- [EXERCISE INSTRUCTIONS] Within the records below, find the line with "Australian timbers for musical instruments" and the line with "Men's shirt with short sleeves", then reproduce exactly those two lines and all lines between them, without any picture.

- [MATERIAL SUPPLIED]
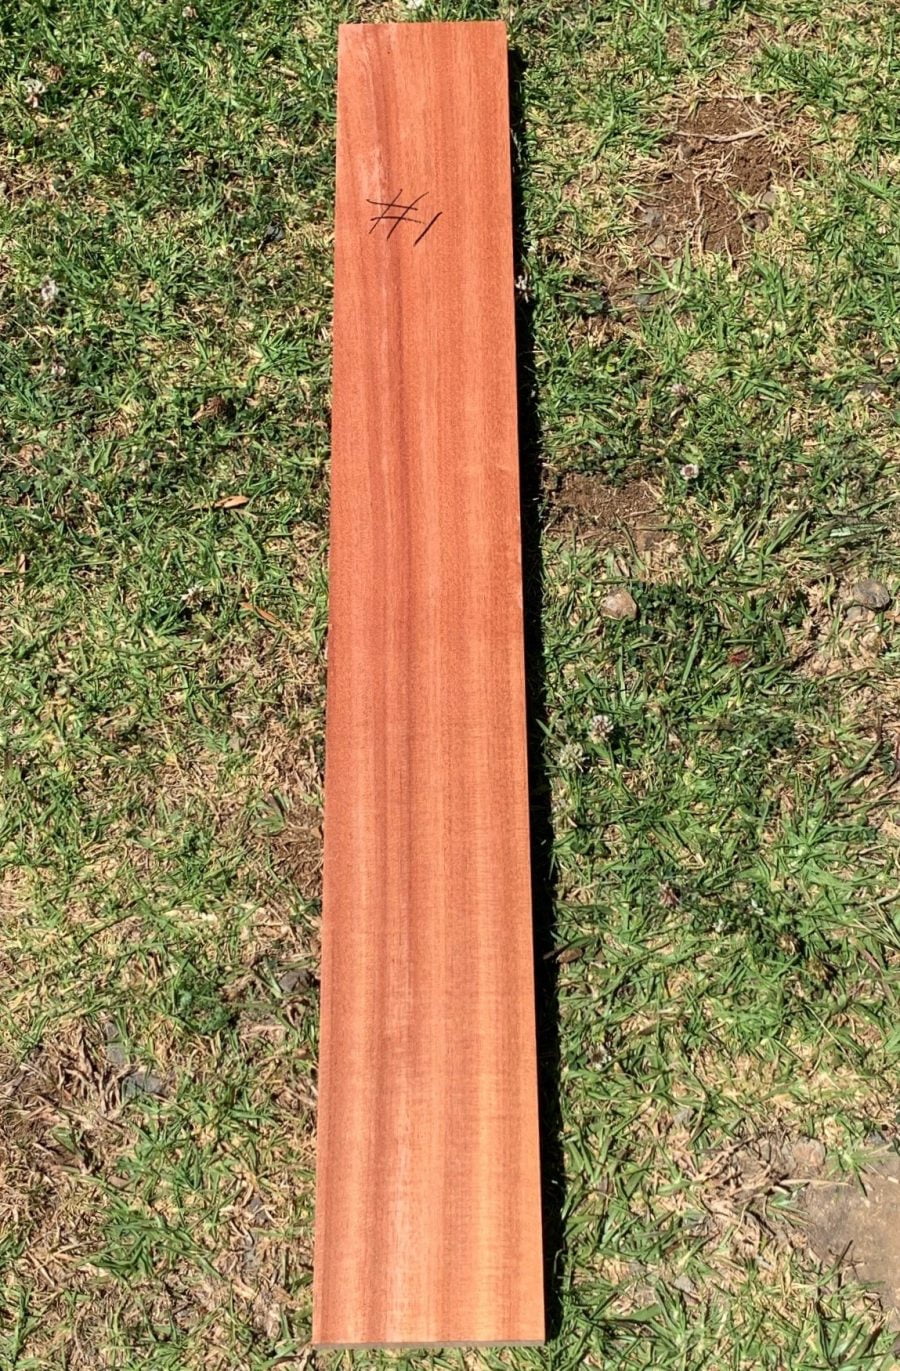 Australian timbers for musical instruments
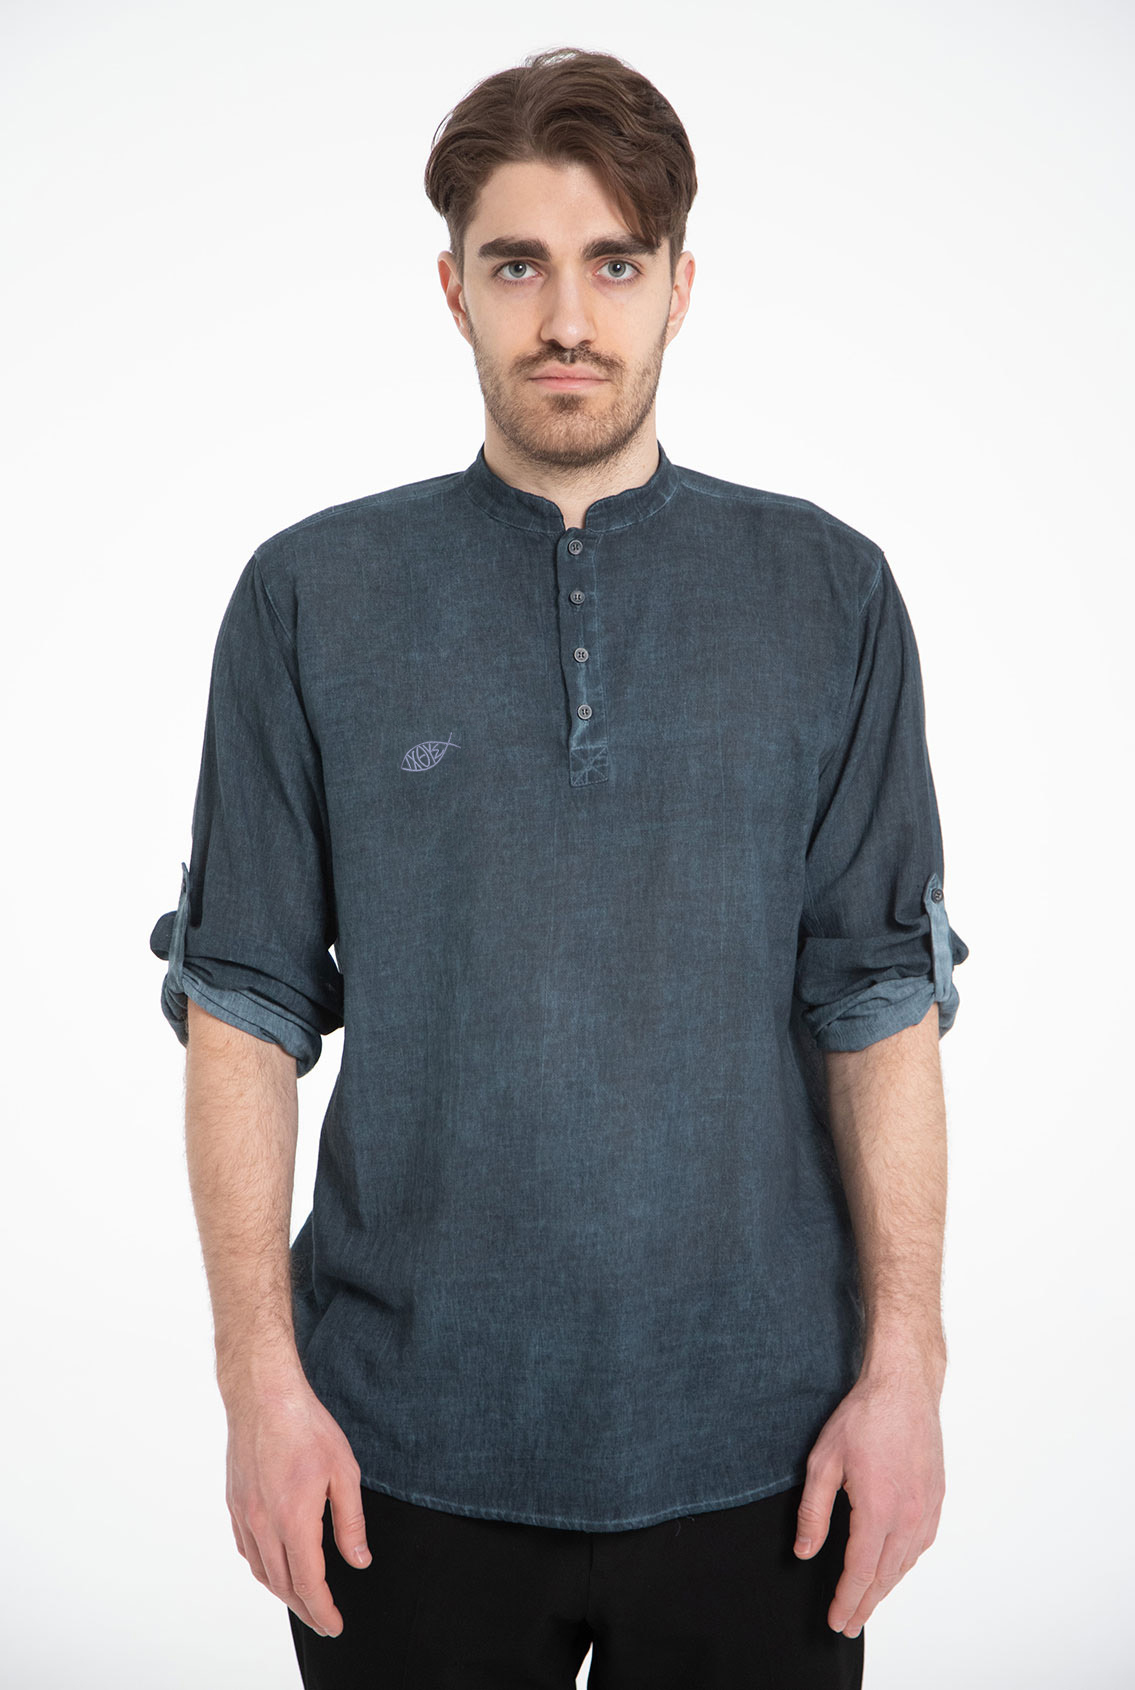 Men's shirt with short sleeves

==

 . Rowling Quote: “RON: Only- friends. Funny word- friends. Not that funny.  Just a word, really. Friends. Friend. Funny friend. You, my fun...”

- [RESPONSE FOR THIS EXERCISE]
 Australian timbers for musical instruments
 Men's shirt with short sleeves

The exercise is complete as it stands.